A key task for organizing committees will be determining which demands are most important to the workers at their store, and then charting a path to winning those demands by first voting for the union. 

  1. Courts and negotiators won’t save us; class struggle gets the goods

The experience of the failed IWW organizing campaign at Starbucks in 2005 shows exactly why workers can’t rely on the NLRB and the legal process alone to deliver justice. In that campaign, it took over 10 months for the first fired worker to receive a hearing. 10 months or even 3 months from now will be too late. 

There is a certain legal wildcard in the case of the fired Memphis workers which, if sufficient pressure is applied, could lead to an expedited legal process. Just days before the firings, the new Biden-appointed general council of the NLRB launched an initiative to ramp up the use of 10(j) injunctions to provide immediate protection for workers facing retaliation for organizing. In a very immediate sense if the NLRB is forced to act, this could be a defeat for Starbucks. However, it is far from guaranteed.
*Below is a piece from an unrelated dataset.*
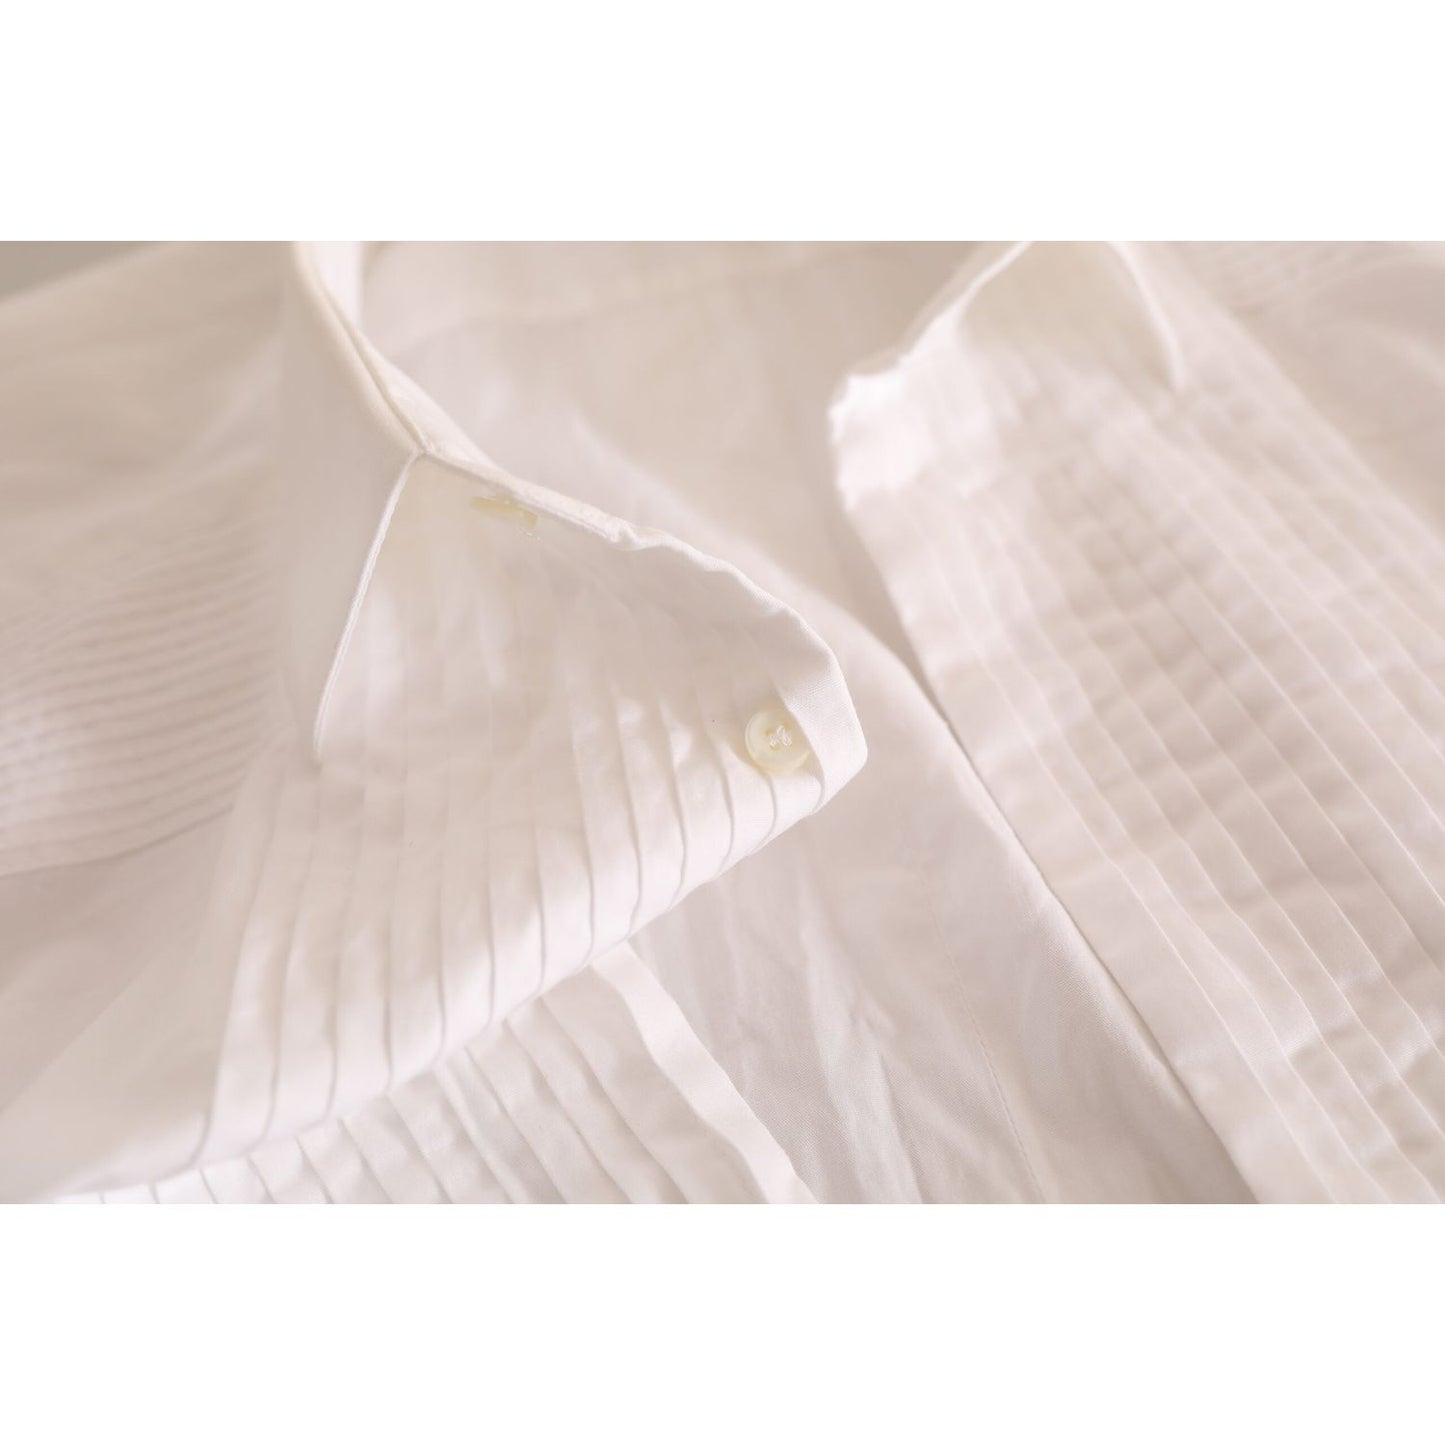 Dolce & Gabbana Elegant White Slim Fit Cotton Dress Shirt white-gold-formal-cotton-tuxedo-dress-shirt

Starbucks has infinite resources to fight workers through the courts and the NLRB. According to independent reporting, Starbucks is spending as much as $132,000 per day on union-busting lawyers from the anti-union law firm Littler Mendelsohn, and the company’s top legal counsel receives a salary of $5.3 million.

Starbucks doesn’t care if they ultimately lose a case at the NLRB – the point is to embroil the workers in a legal battle that undermines organizing. As one labor expert points out, “the legal strategy [of Starbucks] seems designed to buy whatever time the company can get, regardless of whether the arguments might succeed… For any employer with the kind of resources that Starbucks has available, time is their favorite weapon.”

Workers can’t afford to wait. Following the firings, Starbucks Workers United organized a lively picket outside the Memphis store. This is an excellent first step. We should build on this by escalating actions that will disrupt the company’s profits and force them to reinstate the fired workers. An important next step could be organizing a national day of action in solidarity with the Memphis workers and a national organizing call with pro-union Starbucks workers to discuss possible strike action.

If the company refuses to reinstate the workers in Memphis, or if the NLRB’s general council fails to secure an injunction in federal court, we have to be prepared to escalate our struggle. We should discuss using walkouts or strikes to demand the rehiring of fired workers, calling on the labor movement to join us in solidarity. This is something that the unions in Seattle, British Columbia, and New York ultimately failed to do, and an important reason why they lost.

At every step, we have to remember that our power doesn’t come from lawyers, negotiators, or clever arguments to management. It comes from our power as workers to disrupt the profits of our bosses and build solidarity with other working people. In other words, “power at the bargaining table comes from power outside.”

If we are going to win (and keep) a historic union at Starbucks, it will take militant solidarity among unions, socialists, and all working people. Starbucks workers must lead the way with a fighting, class struggle approach. Socialist Alternative will continue to support the fight in whatever way we can, and we urge all working people to do the same.